Dataset content.
_ _ _ _ _ _ _

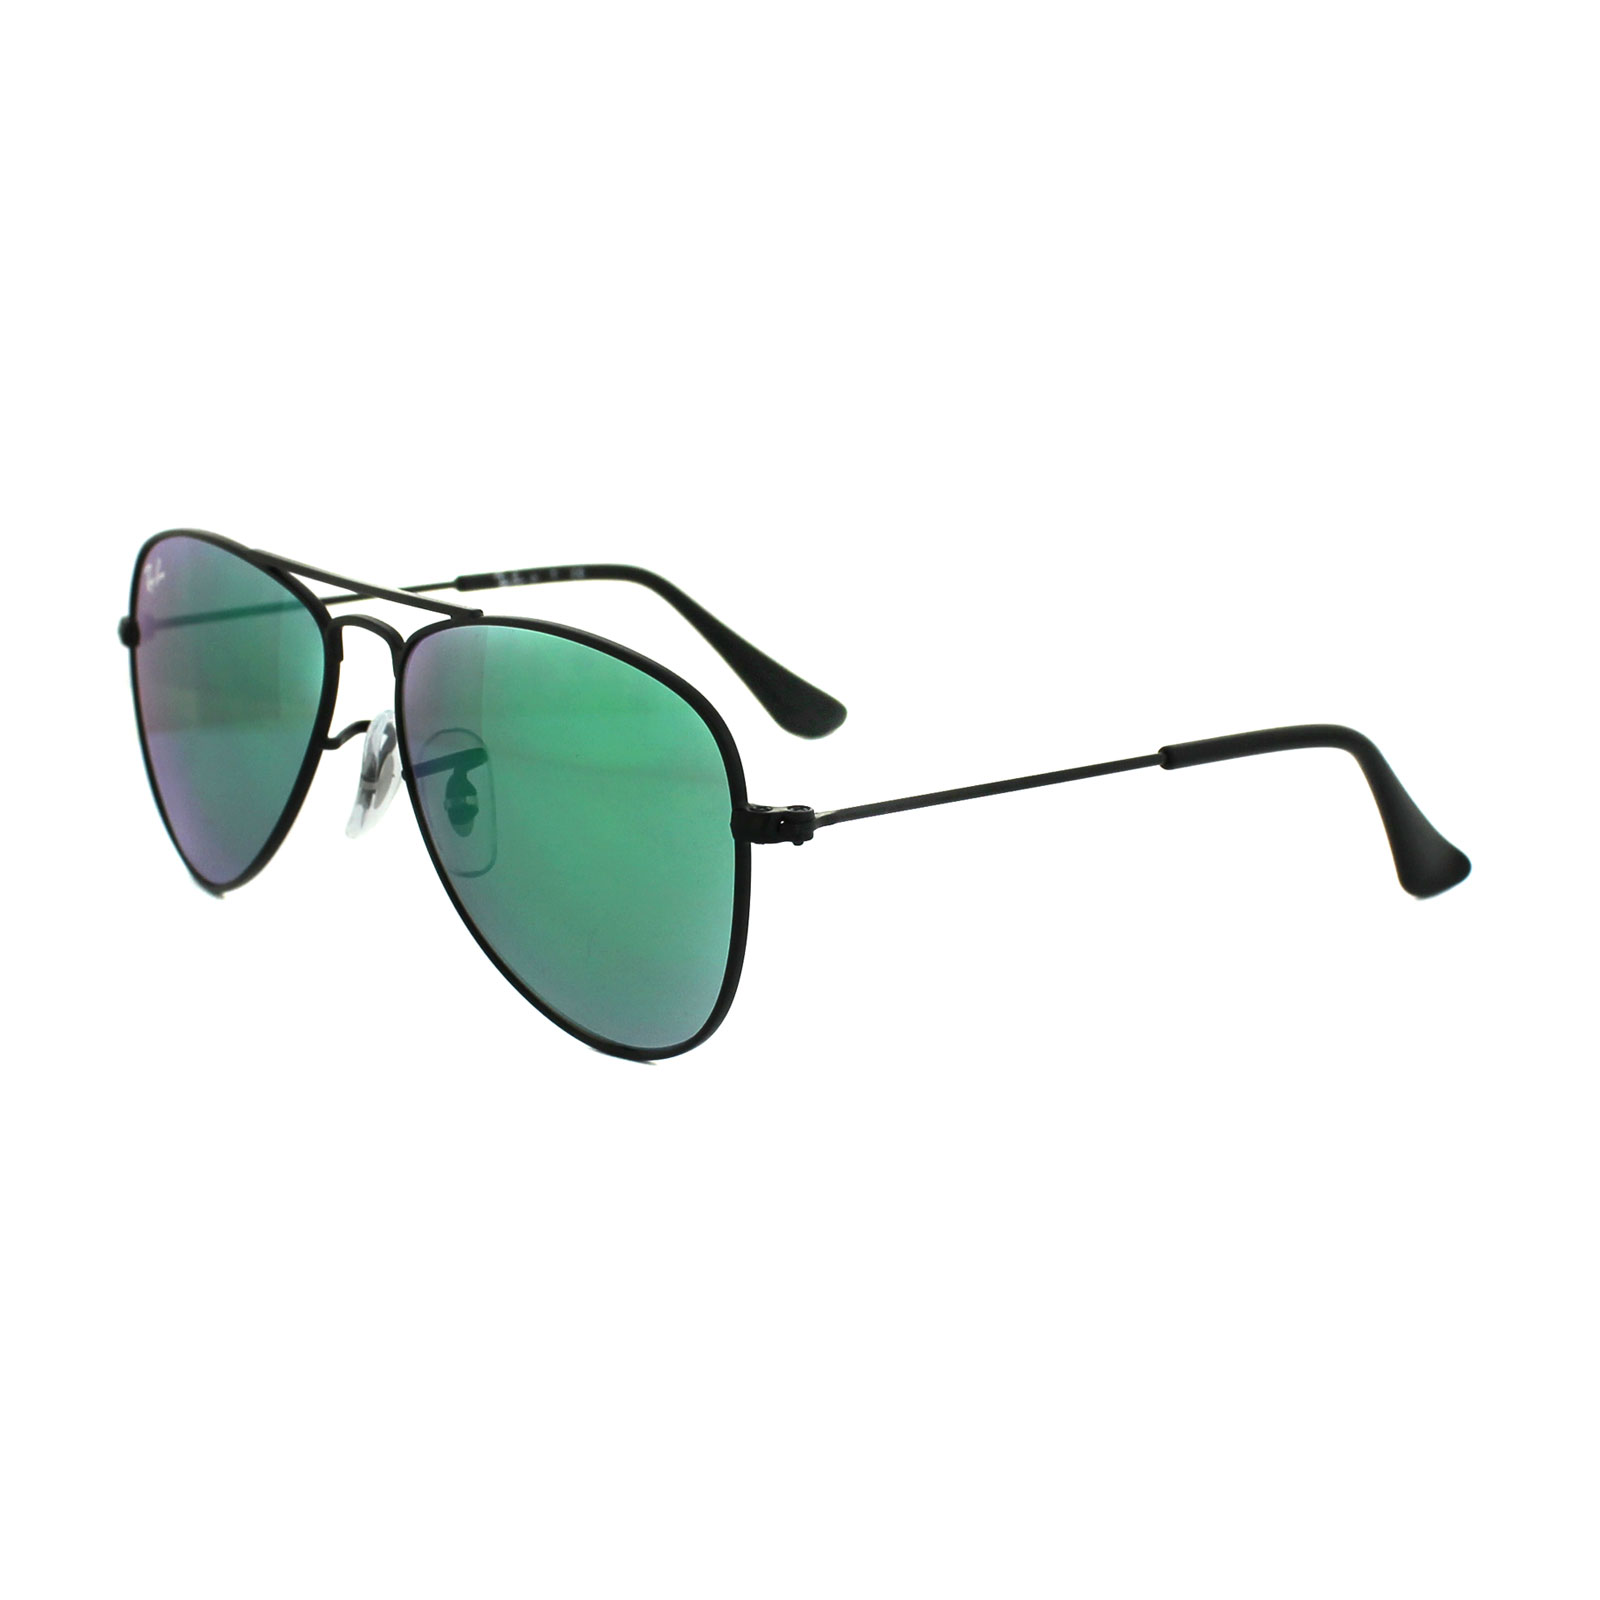 0d2c8795d6a kids ray ban prescription glasses ray-ban sunglasses green flash ...
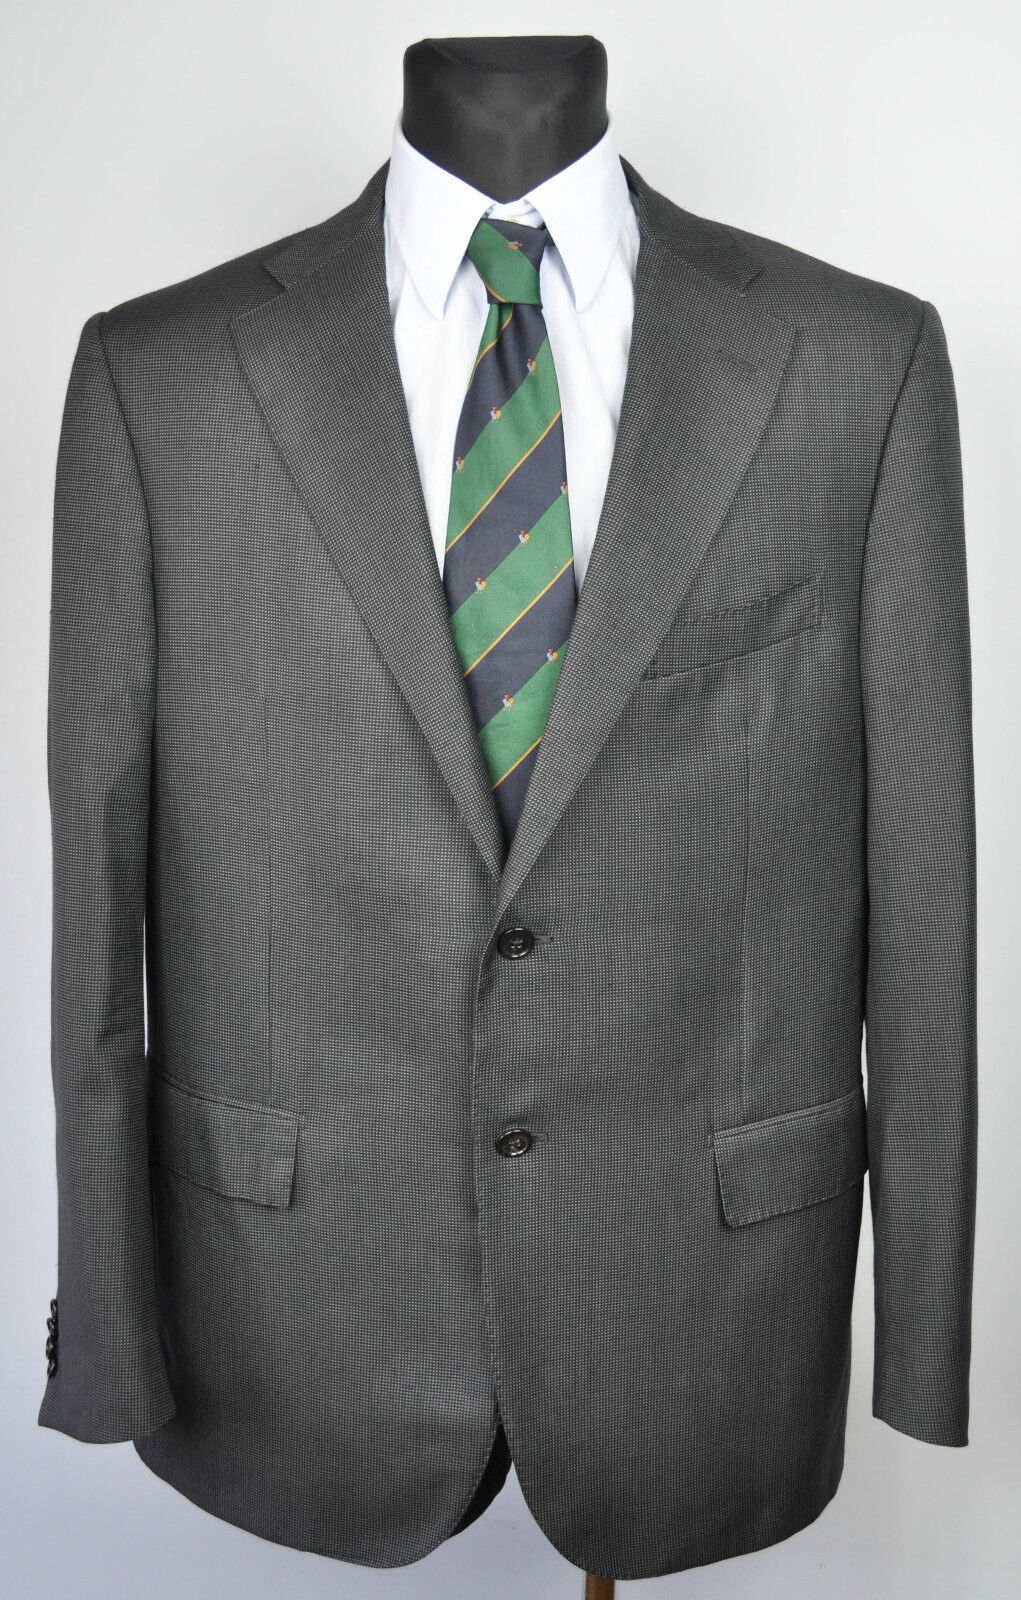 CORNELIANI Pattern Blazer 20% SILK & 80% wolleUK 44R jacke EU 54R Coat Suit
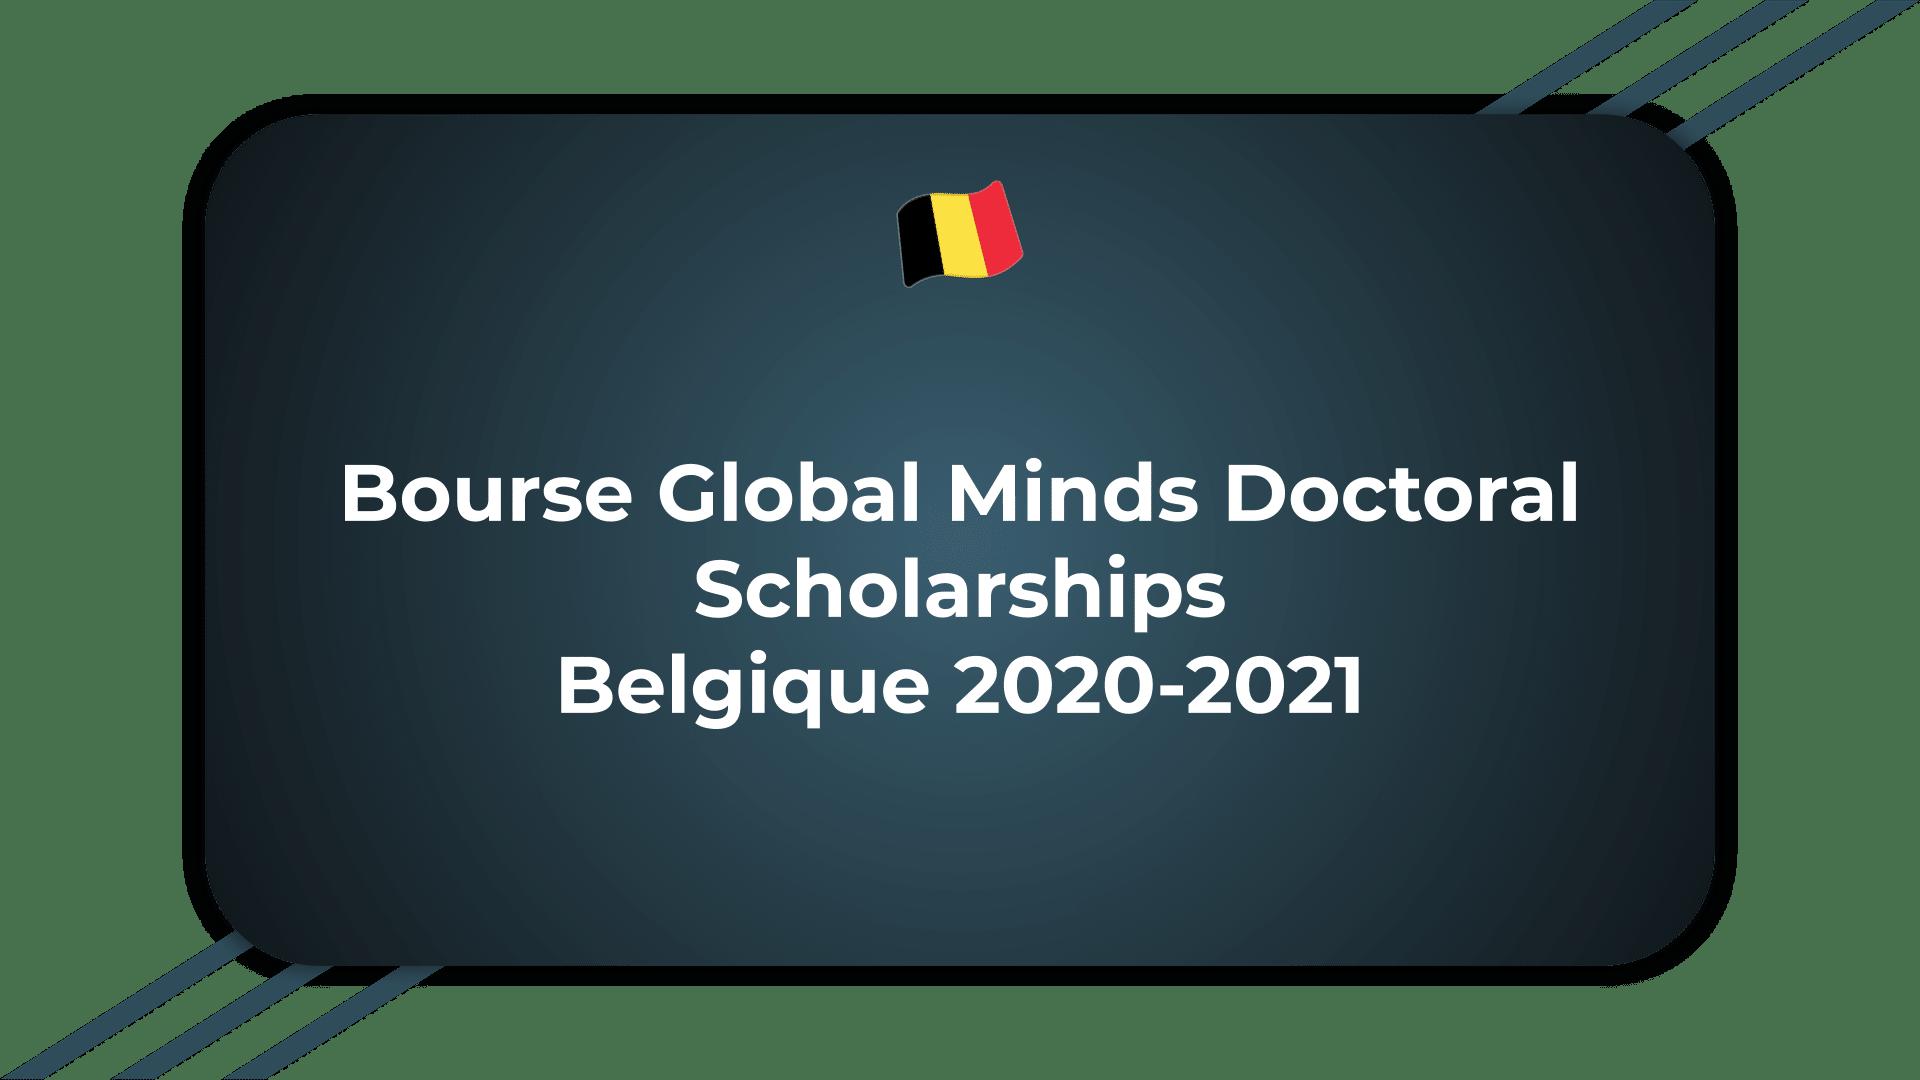 Bourse Global Minds Doctoral Scholarships

_ _ _ _ _ _ _

What to do.
All of the material above must be retyped exactly, line for line, with the images dropped.

Written answer.
 0d2c8795d6a kids ray ban prescription glasses ray-ban sunglasses green flash ...
 CORNELIANI Pattern Blazer 20% SILK & 80% wolleUK 44R jacke EU 54R Coat Suit
 Bourse Global Minds Doctoral Scholarships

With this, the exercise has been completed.